On the permission side: don't disable scopes trying to simplify the setup. The MCP server needs specific scopes to expose its tools correctly. Overly narrow permissions produce partial tool lists and 403 errors mid-session that look like Inspector bugs.
Completing the OAuth Flow and Entering Credentials in Inspector
In the Inspector UI, enter your Client ID, Client Secret, and the proxy session token in the authentication configuration section before clicking Connect. That sequence matters. Clicking Connect first and expecting to enter credentials in a popup is not how the flow works.
Once you click Connect with credentials in place, Inspector triggers the browser-based consent screen. Complete the login and accept the permissions. After that redirect, Inspector holds an active session token and you can proceed to the Tools tab.
The proxy session token is the piece most people overlook. It's separate from the OAuth client credentials. It's what allows Inspector's proxy layer to maintain the session between your browser and the MCP server. Leave it blank and you'll get a "token missing" error even though the server endpoint is perfectly reachable and the OAuth credentials are correct.
That is where the ticket usually starts.
How to Test MCP Servers: Tool Discovery and Running Tools
Once connected, the core testing workflow is three steps: Connect, List Tools, Run Tool. That sequence is the whole thing. What makes it useful is reading what comes back carefully at each step.
A successful connection shows a green status indicator in Inspector with the server name and protocol version visible. If you see that, you haven't finished testing - you've finished connecting. The testing starts now.
Using the Tools Tab to List and Inspect Tool Schemas
Click List Tools in the Tools tab. Inspector sends the MCP tools/list request to your server and renders the response - tool names, descriptions, and the full JSON schema for each tool's parameters.
This is where you validate several things at once. Are the tool names correct? Are the parameter descriptions accurate? Do required parameters show as required in the schema? Is the input schema what your server actually expects?
For servers exposing multiple tool namespaces (common with Ontology MCP servers or any server that wraps multiple backend APIs), the tool list is how you confirm namespace boundaries are working. A schema that shows the wrong parameter type for a tool is a server bug, and you'd rather find it here than in a production agent that silently passes the wrong type and gets back garbage.
Inspect the raw JSON schema directly in Inspector before running anything. It takes 30 seconds and it's caught real bugs that wouldn't have appeared until the third or fourth tool invocation.

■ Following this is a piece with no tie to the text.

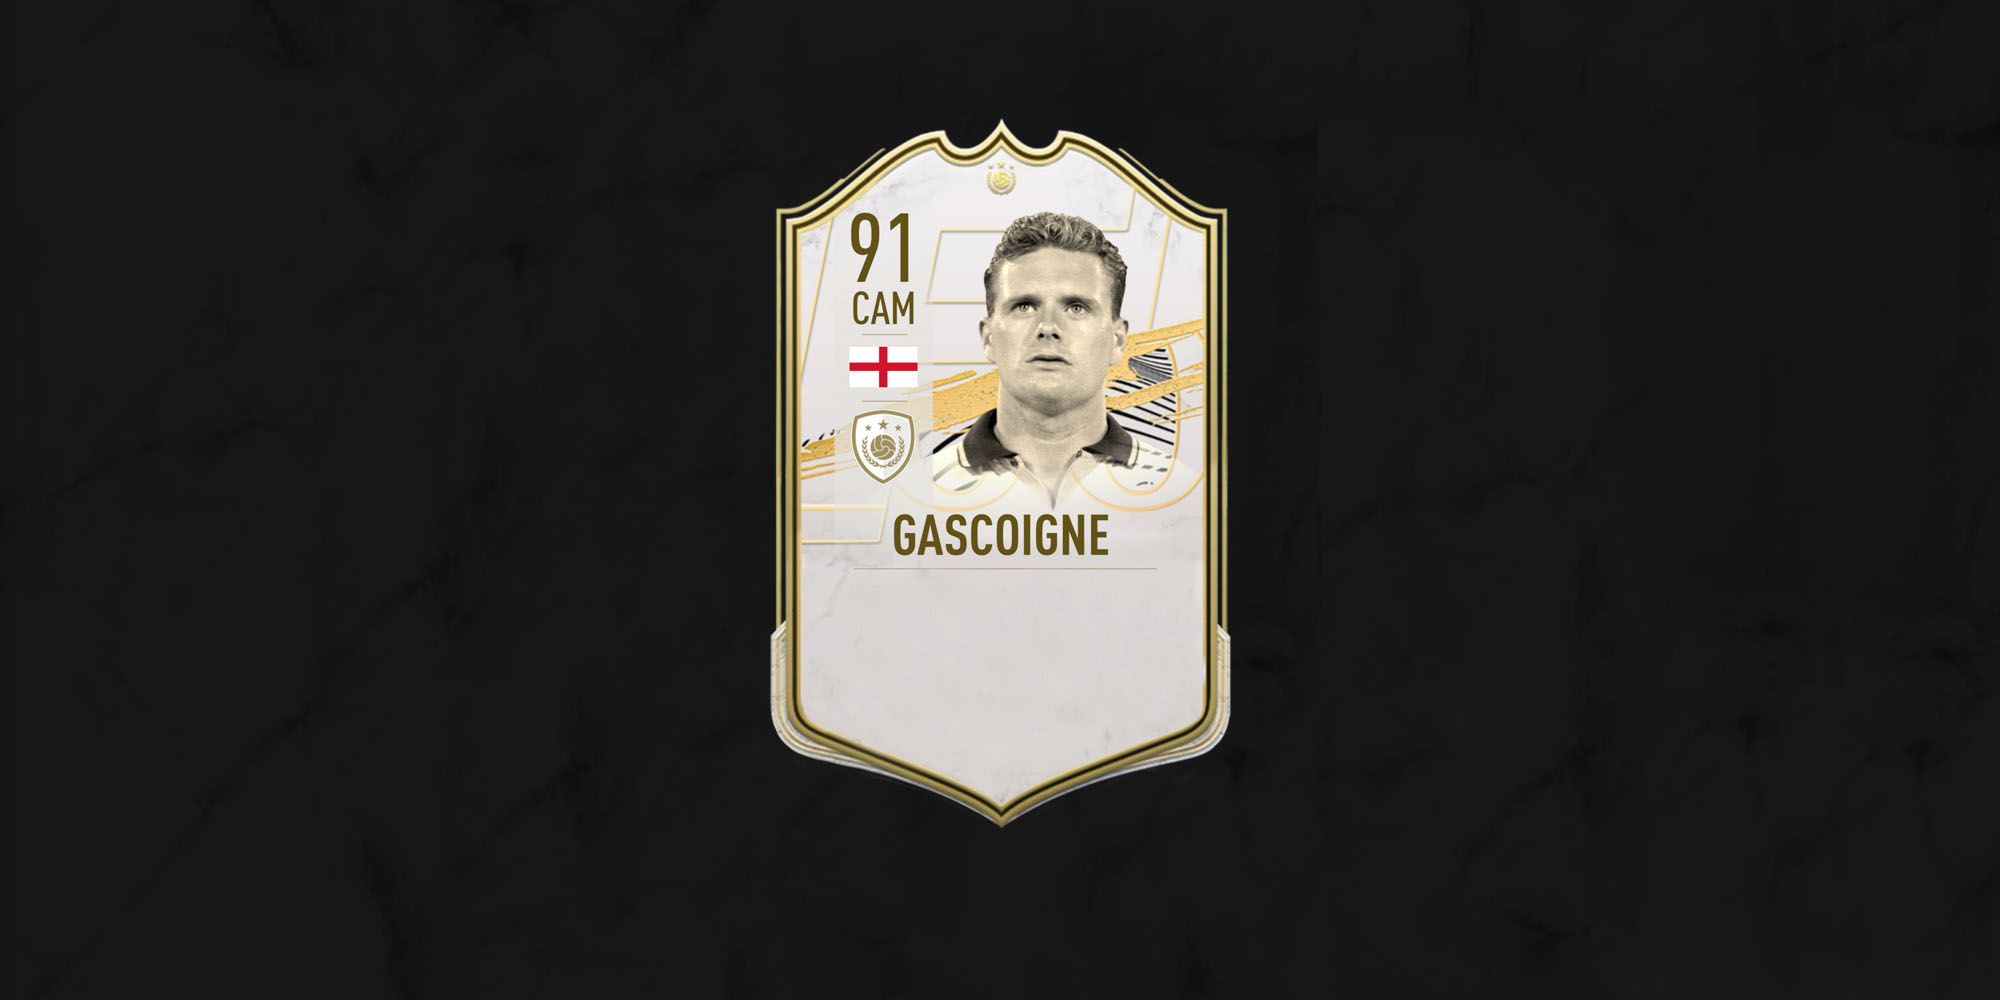 Paul Gascoigne as a future FIFA Icon

Running a Tool and Reading the Response in Real Time
Select a tool from the list. Inspector renders a form based on the tool's input schema - fill in the required parameters, add any optional ones relevant to your test, and click Run Tool.
Inspector displays the raw request payload it sent and the raw response it received. Read both. The request shows you what Inspector actually serialized from your parameter inputs (useful for catching type coercions). The response shows the full server output, including any error payload.

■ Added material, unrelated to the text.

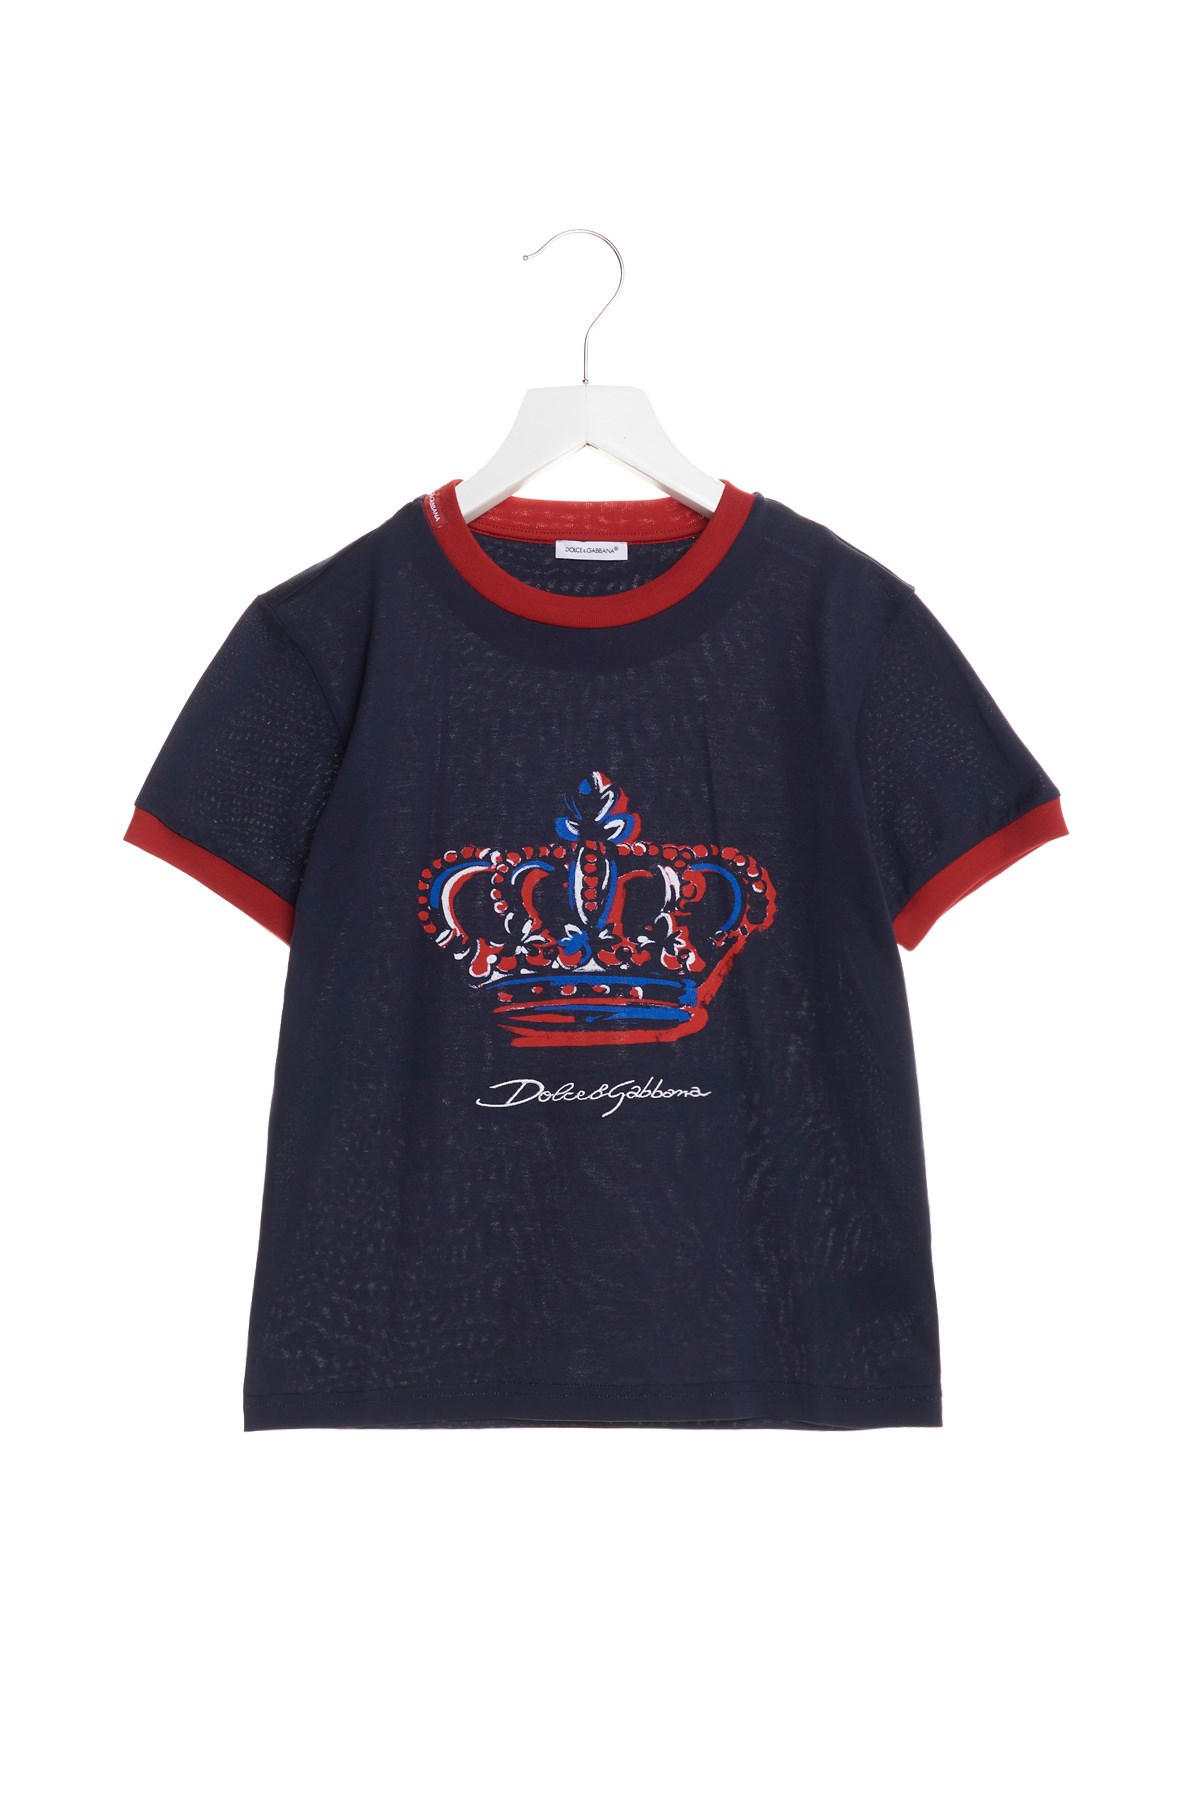 DOLCE & GABBANA Crown Print T-Shirt

For a practical success criterion: run the same tool twice with identical inputs. The responses should be identical (or deterministically different if the tool queries live data). Inconsistent responses on identical inputs usually indicate a server-side state problem or a race condition in the tool implementation. Run it five times if the tool touches external APIs - rate limit behavior and timeout handling show up in repeated runs in a way they won't in a single test.
Chris Ebert's walkthrough of the AWS Documentation MCP Server in Inspector is a good reference for what a clean tool invocation workflow looks like end-to-end - you can see the search_documentation tool parameters, the schema, and how to interpret the response before wiring the server into an agent.
📊 In practice:
A passing Inspector test confirms clean connection status, correct tool schemas, and consistent tool responses for expected inputs. It does not confirm that your production MCP client - an AI IDE, Claude Desktop, or an agent framework - will handle edge cases the same way. Inspector validates your server's protocol behavior. The client introduces its own interpretation layer.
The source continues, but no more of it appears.